EvolutionaryBaggingRegressor(model=AUTOML_REGRESSION_PIPELINE, param_grid=REGRESSION_PARAM_GRID, population_size=10, sampling_size=1, metric=metrics.MSE, sampling_rate=1000, seed=42)

Bases: EvolutionaryBaggingEstimator, base.Regressor

Evolutionary Bagging Regressor follows the Oza Bagging approach to update the population of estimator pipelines.

PARAMETER DESCRIPTION
model

A river model or model pipeline that can be configured by the parameter grid.

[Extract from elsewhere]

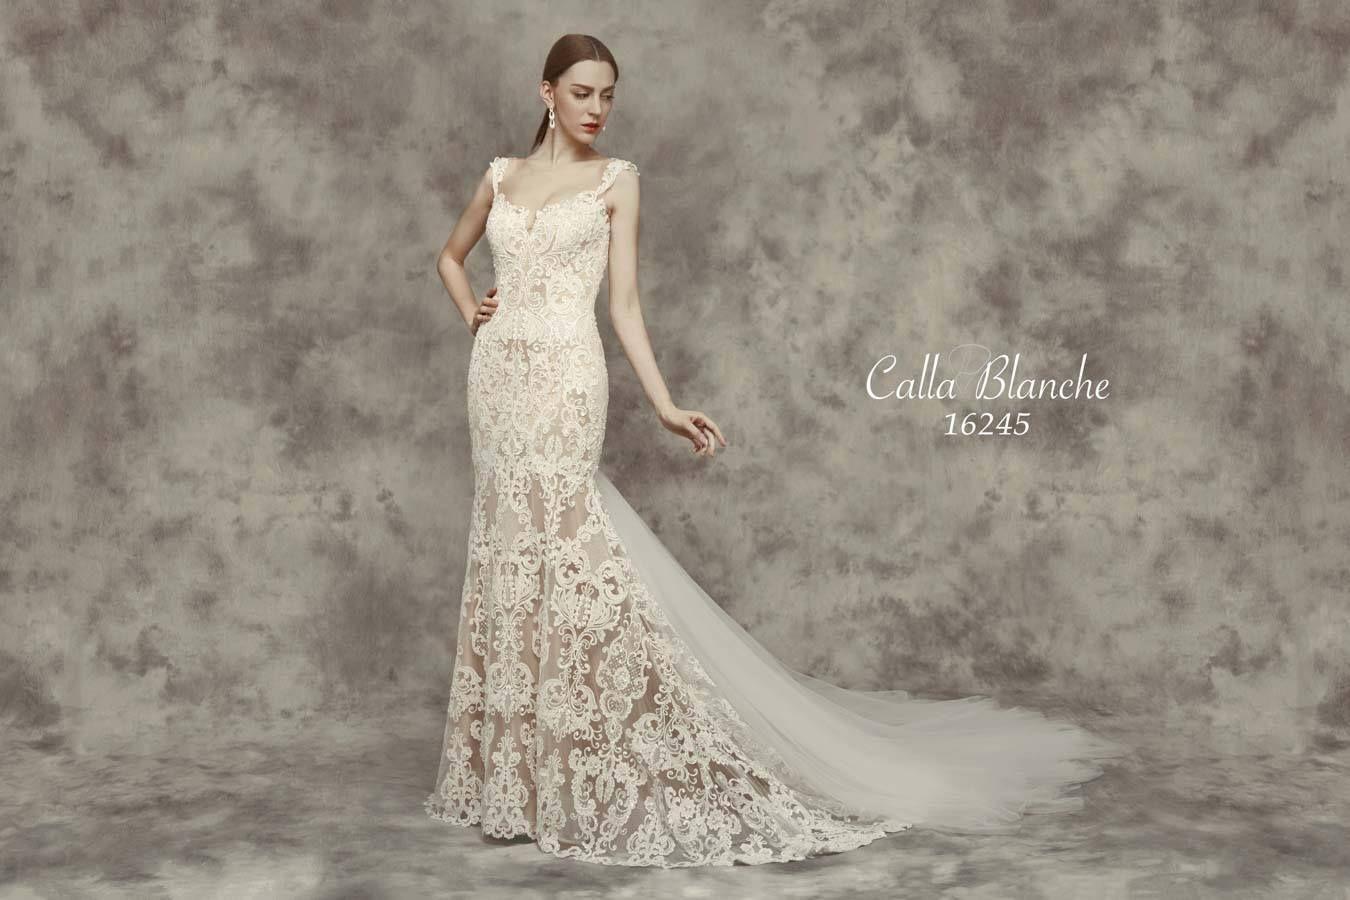 Chloe Wedding Dress Style 16245   Calla Blanche Bridal   Calla ...

DEFAULT: AUTOML_REGRESSION_PIPELINE

param_grid

A parameter grid, that represents the configuration space of the model.

DEFAULT: REGRESSION_PARAM_GRID

population_size

The population size estimates the size of the population as well as the size of the ensemble used for the prediction.

DEFAULT: 10

sampling_size

The sampling size estimates how many models are mutated within one mutation step.

DEFAULT: 1

metric

The river metric that should be optimised.

DEFAULT: metrics.MSE

sampling_rate

The sampling rate estimates the number of samples that are executed before a mutation step takes place.

DEFAULT: 1000

seed

Random number generator seed for reproducibility.

DEFAULT: 42

Examples:

>>> from river import datasets, ensemble, evaluate, metrics, optim, compose
>>> from river import preprocessing, tree, neighbors
>>> from EvOAutoML import regression, pipelinehelper
>>> dataset = datasets.TrumpApproval()
>>> model = regression.EvolutionaryBaggingRegressor(
...     model=compose.Pipeline(
...         ('Scaler', pipelinehelper.PipelineHelperTransformer([
...             ('StandardScaler', preprocessing.StandardScaler()),
...             ('MinMaxScaler', preprocessing.MinMaxScaler()),
...             ('MinAbsScaler', preprocessing.MaxAbsScaler()),
...         ])),
...         ('Regressor', pipelinehelper.PipelineHelperRegressor([
...             ('HT', tree.HoeffdingTreeRegressor()),
...             ('KNN', neighbors.KNNRegressor()),
...         ]))
...         ),
...     param_grid={
...     'Regressor': AUTOML_REGRESSION_PIPELINE
...         .steps['Regressor'].generate({
...             'HT__binary_split': [True, False],
...             'HT__max_depth': [10, 30, 60, 10, 30, 60],
...             'HT__grace_period': [10, 100, 200, 10, 100, 200],
...             'HT__max_size': [5, 10],
...             'KNN__n_neighbors': [1, 5, 20],
...             'KNN__window_size': [100, 500, 1000],
...             'KNN__p': [1, 2]
...         })
... },
... seed=42
... )
>>> metric = metrics.MSE()
>>> for x, y in dataset:
...     y_pred = model.predict_one(x)  # make a prediction
...     metric = metric.update(y, y_pred)  # update the metric
...     model = model.learn_one(x,y)  # make the model learn
>>> print(f'MSE: {metric.get():.2f}')
MSE: 2.35

predict_one(x)

Averages the predictions of each regressor.